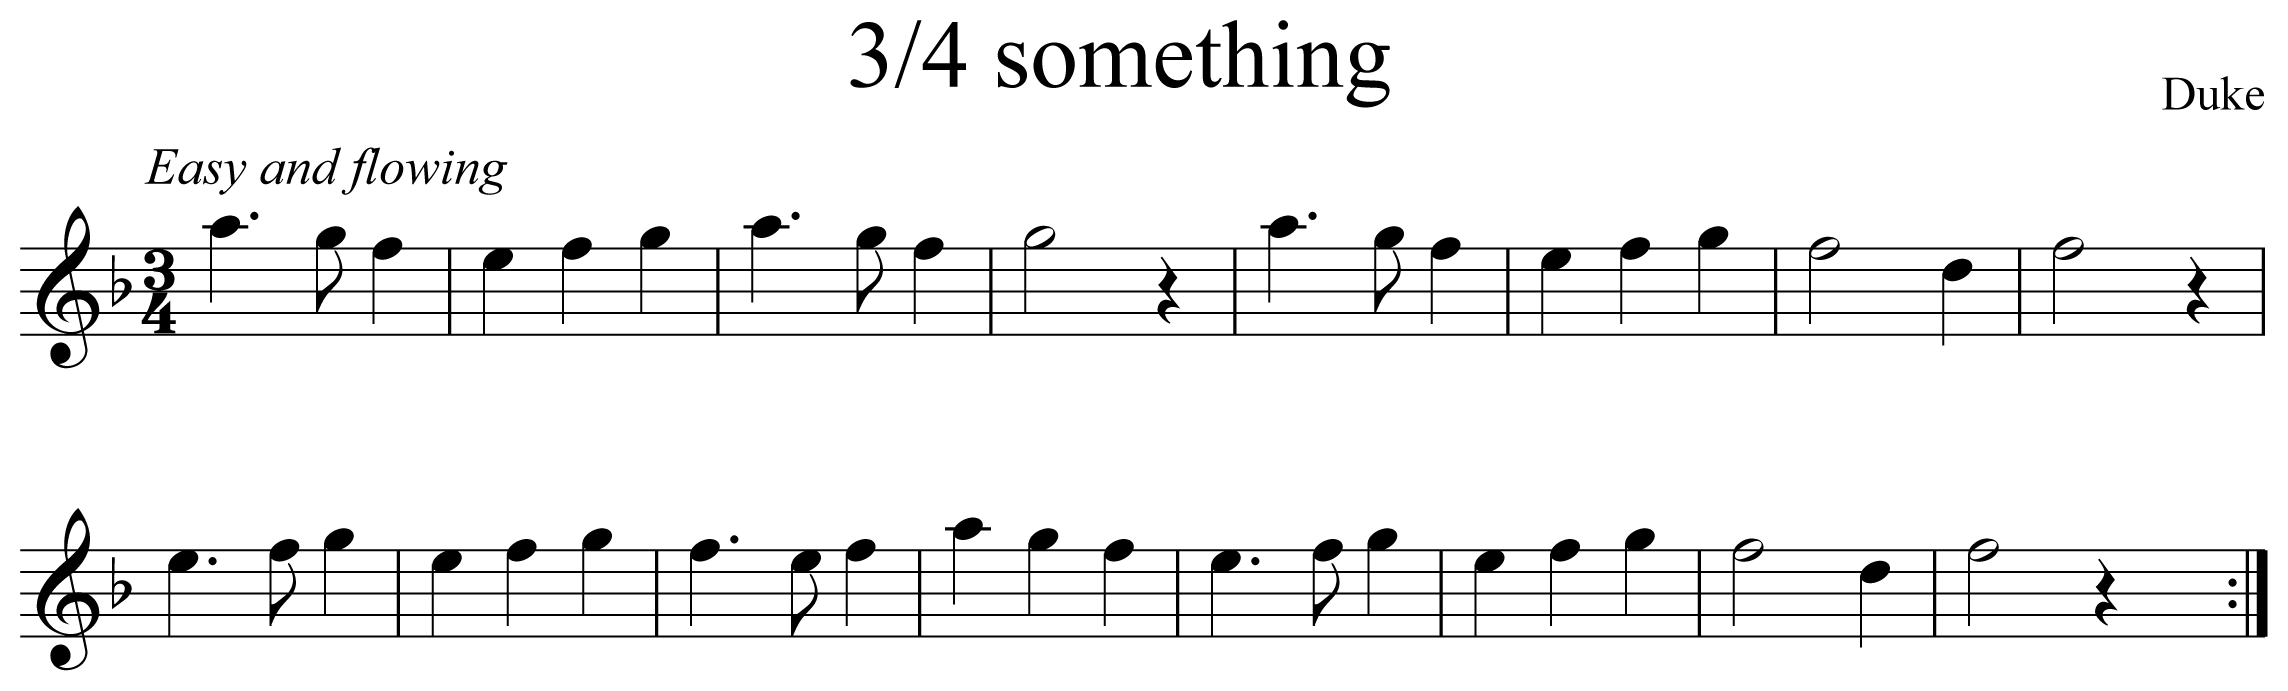 3/4 Something Notation Flute
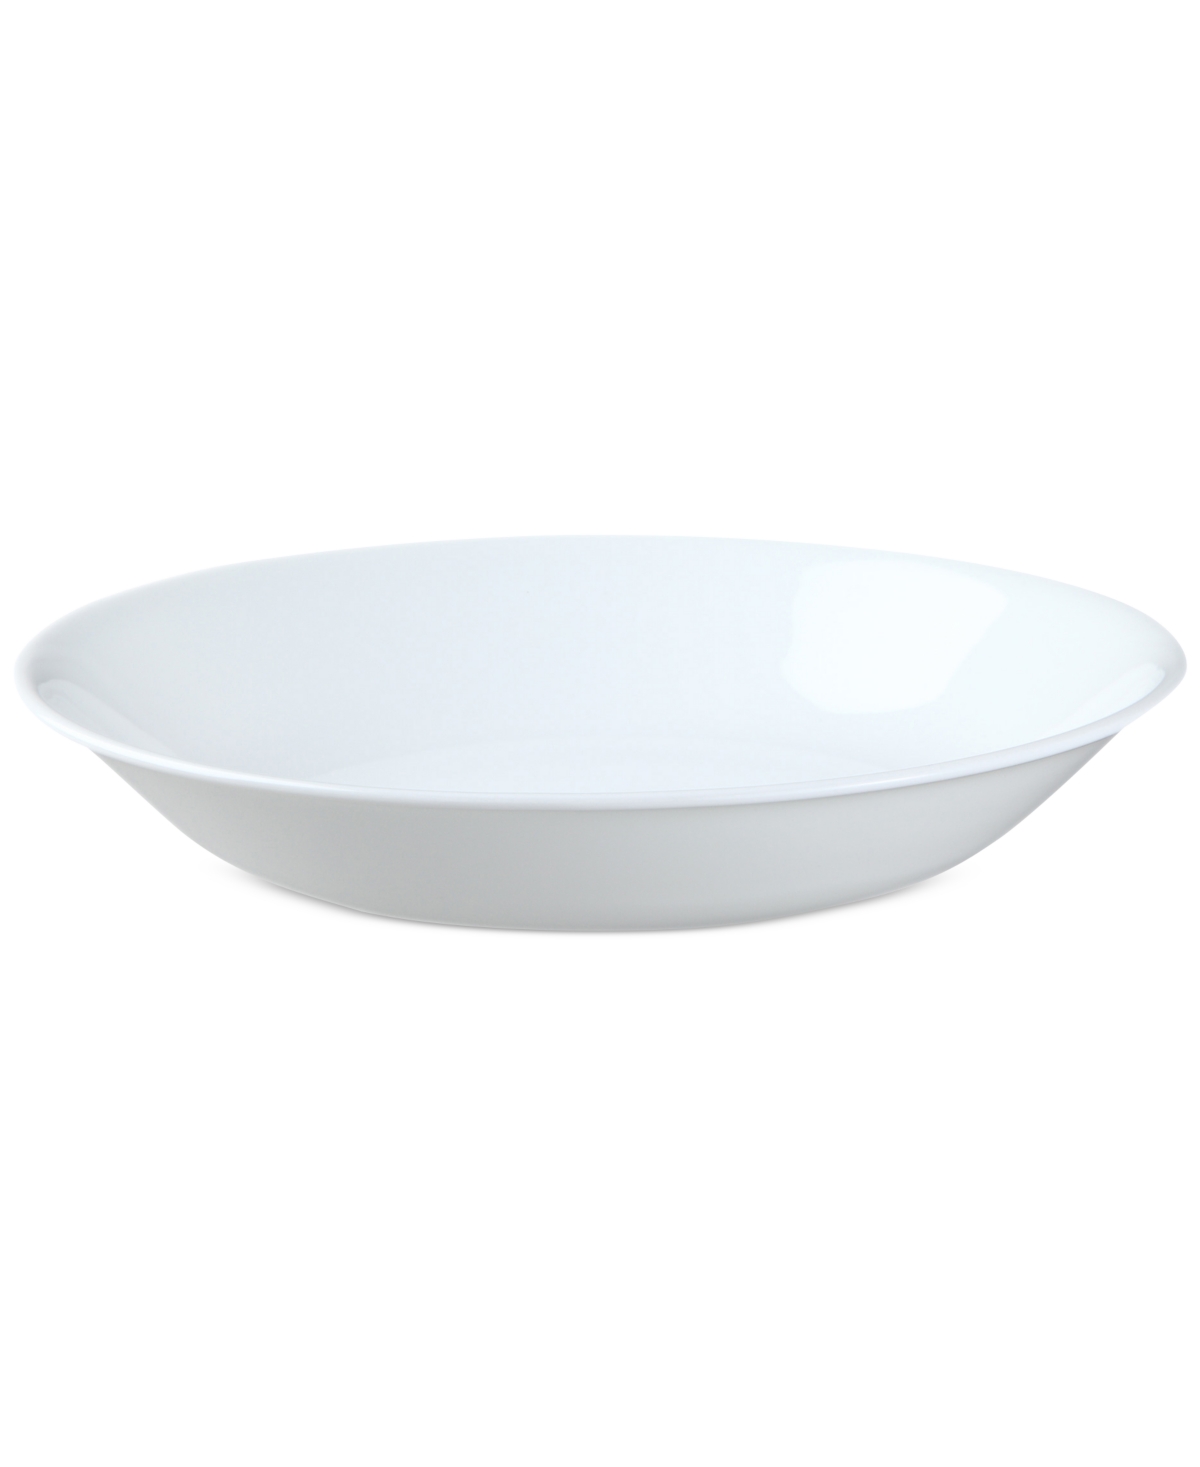 White Pasta Bowl - White
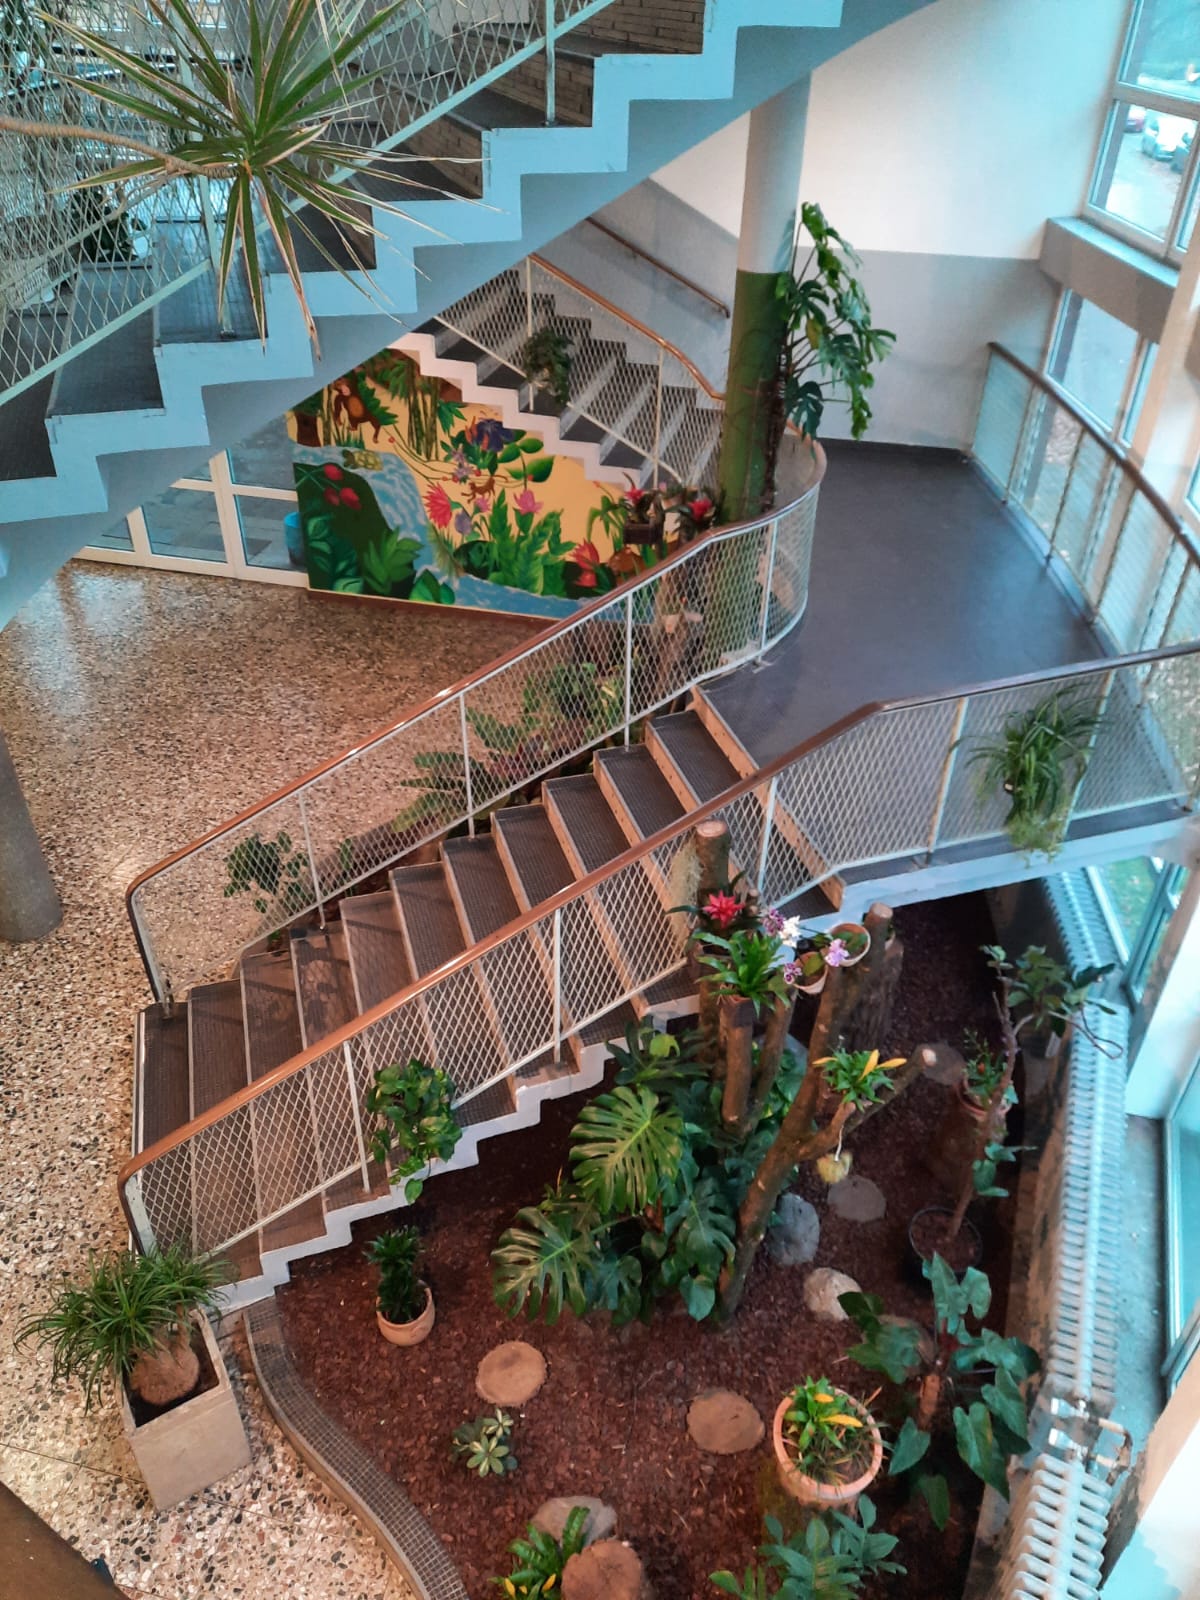 Gesamtbild des tropischen Eingangsbereichs mit Bromelien, Orchideen, Tillantien, kombiniert mit Grünpflanzen und Baumstämmen
------------------------------------
== Work request ==
Using the listing above, write out exactly the lines from the one that holds "White Pasta Bowl - White" through the last line, both included, and omit pictures.

== Answer section ==
 White Pasta Bowl - White
 Gesamtbild des tropischen Eingangsbereichs mit Bromelien, Orchideen, Tillantien, kombiniert mit Grünpflanzen und Baumstämmen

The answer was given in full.